Social services projects will receive a 4.5 per cent increase in funding for a total of $1.56 billion this budget, which will be allocated to cover changes in several support programs for the province’s most vulnerable residents. 

The Seniors Income Plan will receive an additional $3.5 million, and the Saskatchewan Assured Income for Disability will get an increase of $19 million. Disability services funding will total $660 million, an increase of $48.8 million from last year.

The province has also allocated more funding for residential care spaces for youth with developmental needs, specialized training for foster parents housing children with special needs, and extended family caregivers.

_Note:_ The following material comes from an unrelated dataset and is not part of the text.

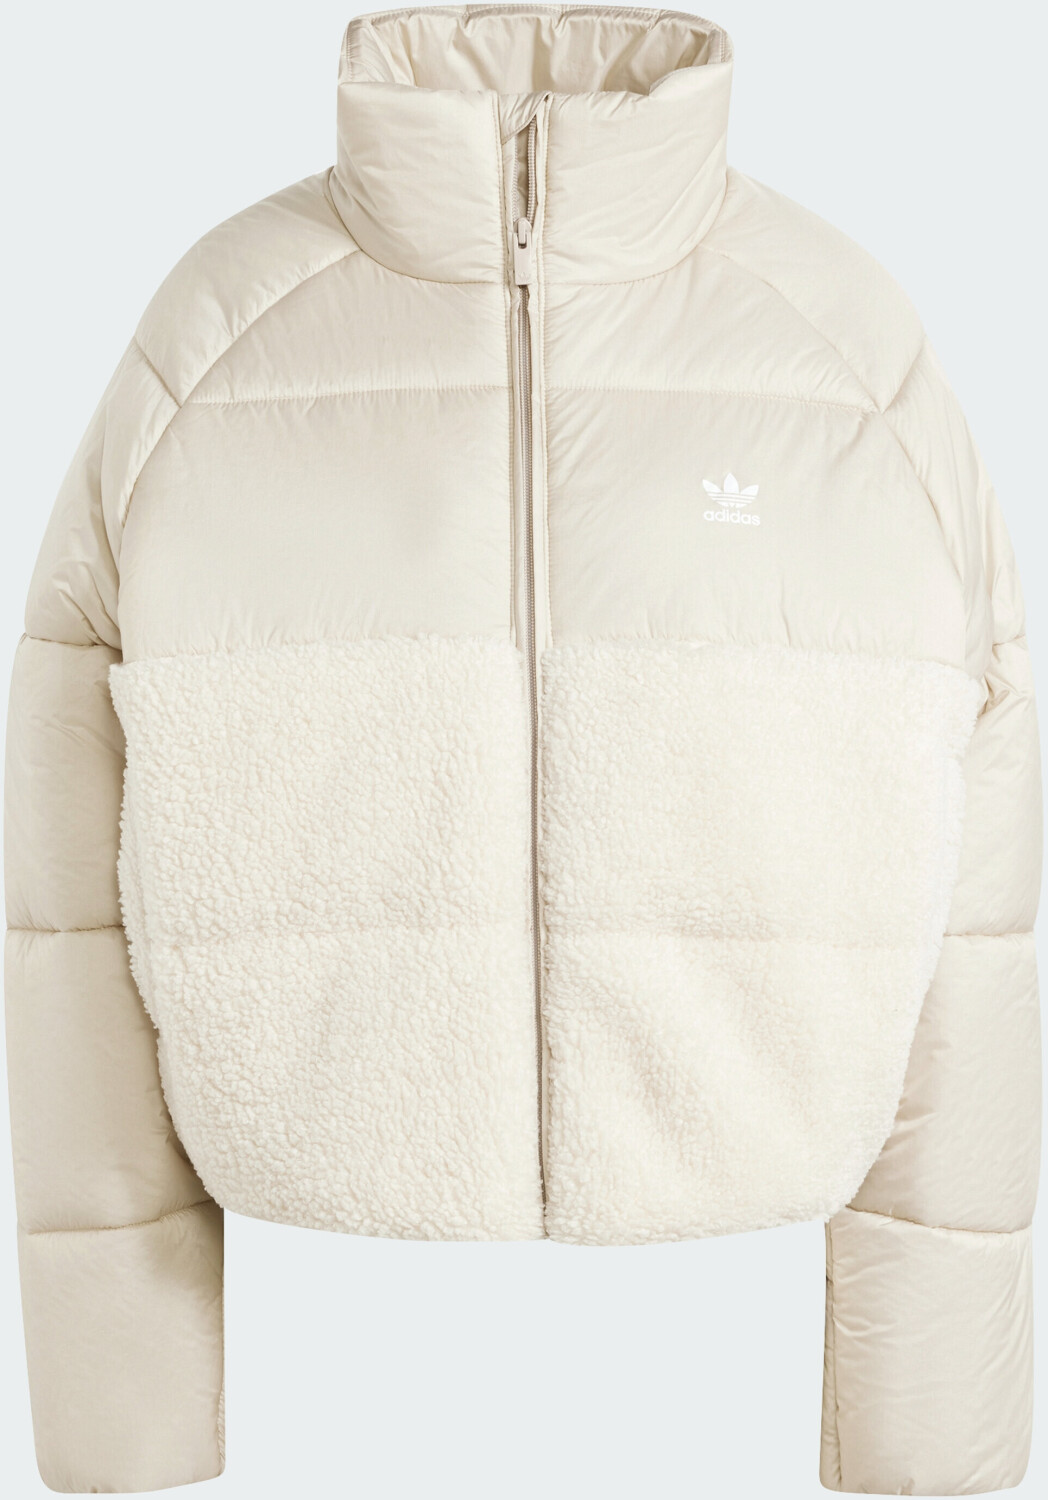 ab white (IS5256) 70,00 € Preisvergleich Court bei Jacket | Polar wonder Adidas Neutral Woman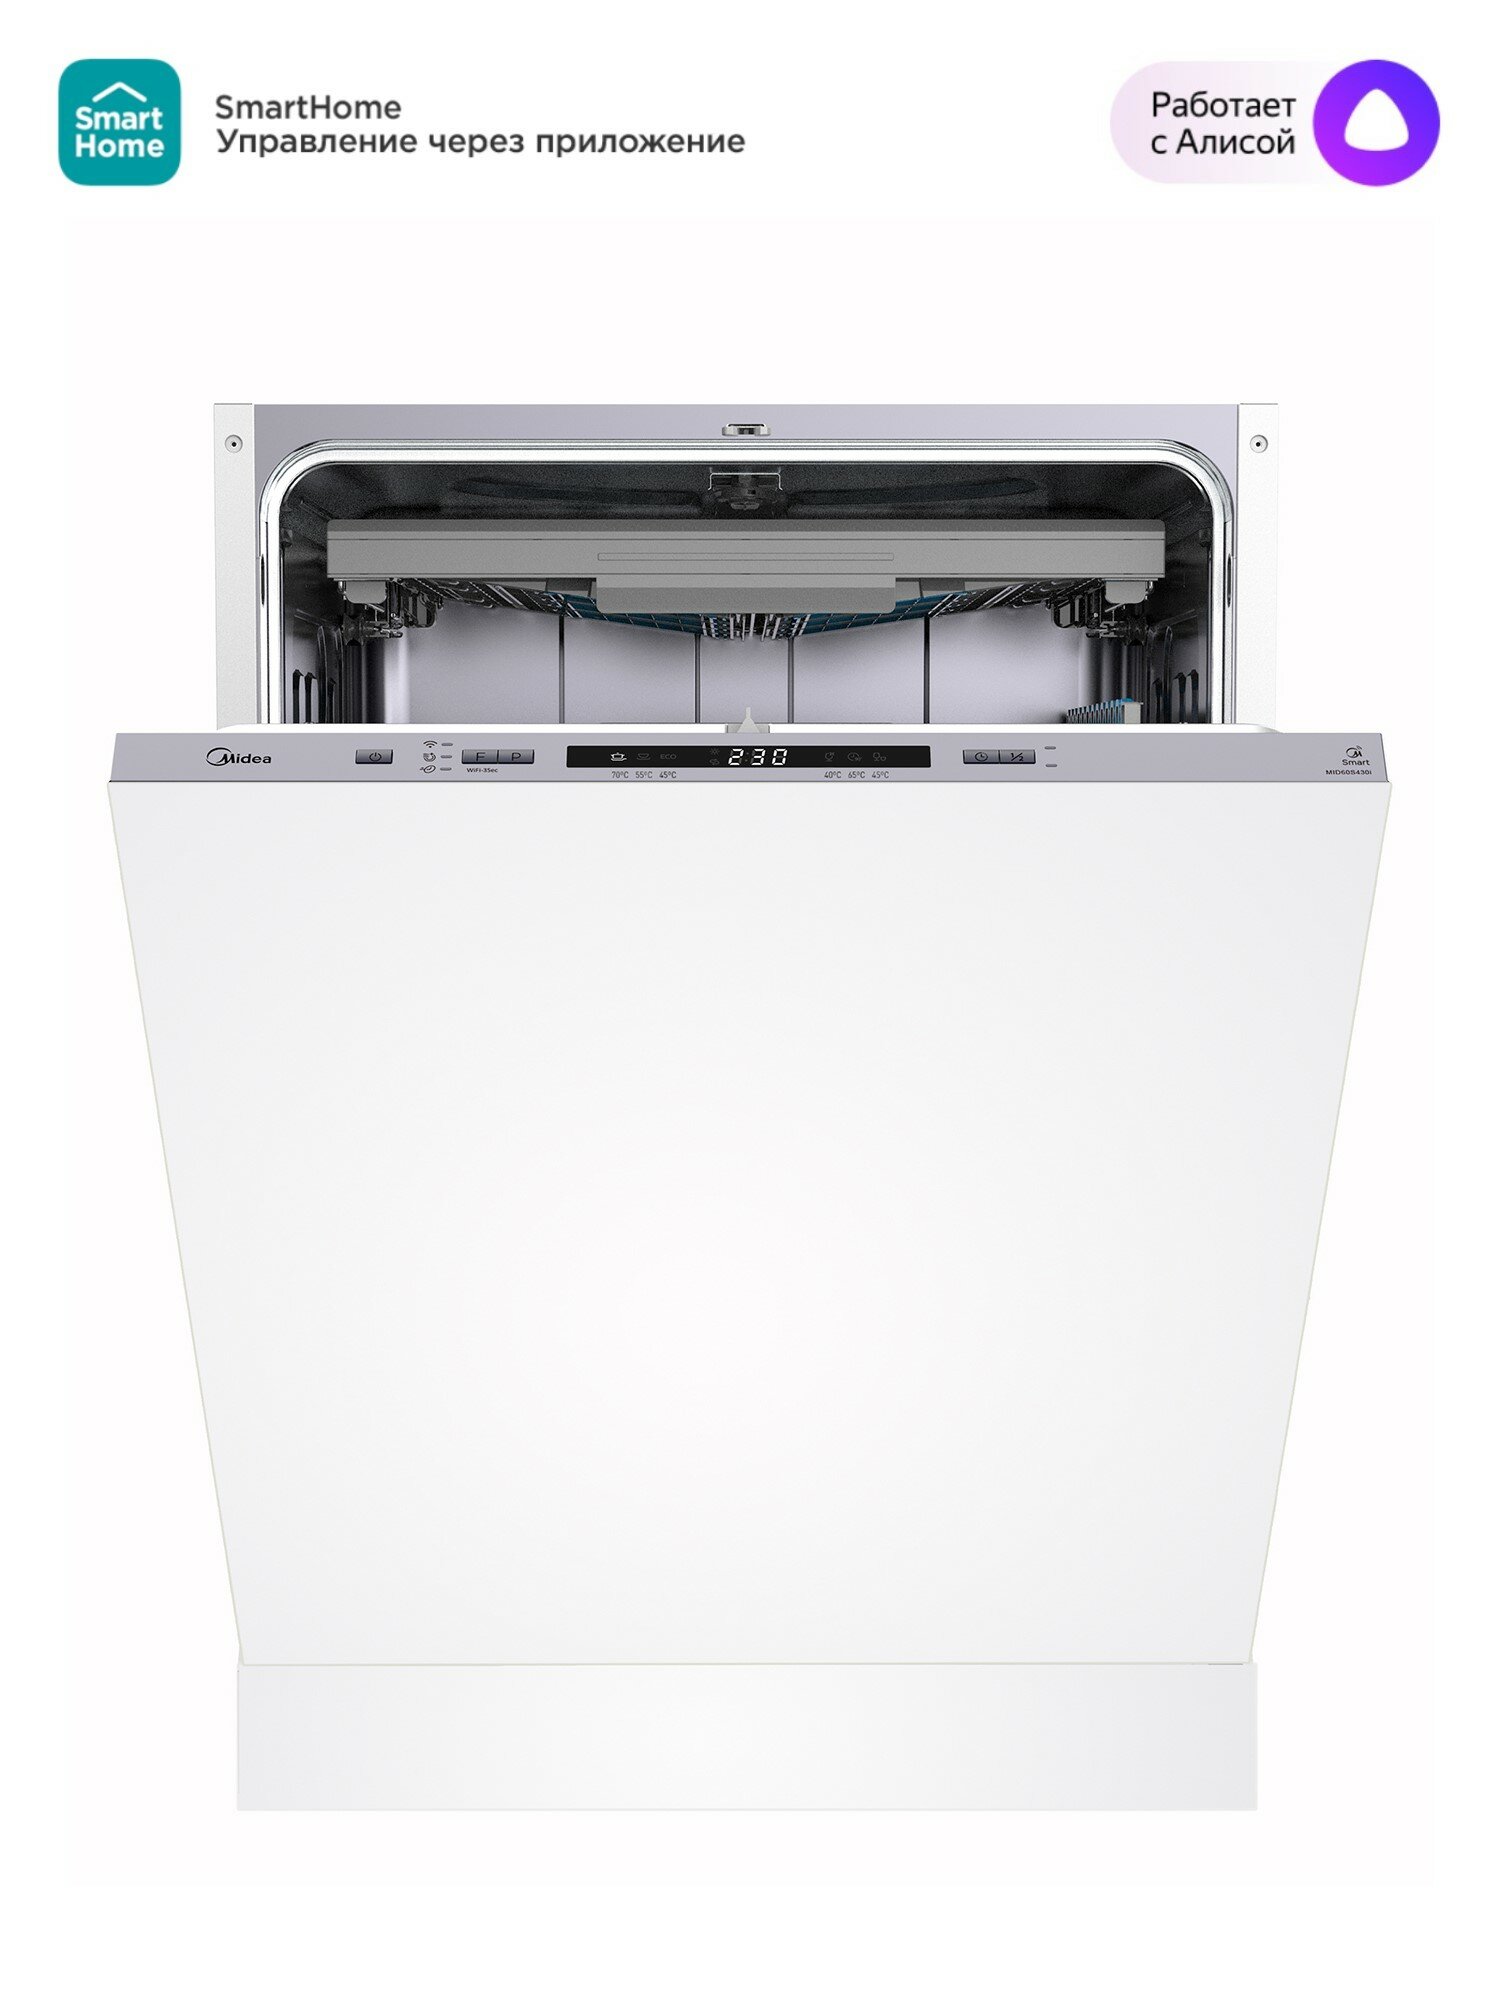 Встраиваемая посудомоечная машина с Wi-Fi Midea MID60S430i

Funding for the justice system will focus on the Saskatchewan Public Safety Agency and the development of a police oversight body, while also providing $4.3 million to courts and correctional centres for pandemic-related safety measures. 

The Saskatoon Correctional Centre has received a $55.8 million investment to build a remand centre and expand the urban camp on site.

Development of a gang violence reduction strategy has been granted $3.2 million, and another $110,000 will fund a police and crisis team (PACT) in Estevan.

A total of $830 million will be invested in highway infrastructure, including the planned construction of passing lanes, highway twinning and other road projects. These upcoming projects will affect an estimated 1,350 kilometres of highways.

The province will also be implementing an annual road use fee of $150 for electric vehicles, paid at the time of registration, which will come into effect beginning in October. With 403 electric vehicles already registered with SGI, Harpauer said the estimated annual revenue will be over $600,000.

Municipal infrastructure investments will total $244.6 million, and investment into Crown corporations will be $1.6 billion this fiscal year. SaskPower, SaskEnergy and SaskTel have pledged funds to conduct system improvements to better their services. 

The province has also planned for $3.8 million in royalty relief to help gas and oil producers invest in methane emission projects, and will be using $9.3 million this year to establish new international trade and export offices in China, India, Japan and Singapore.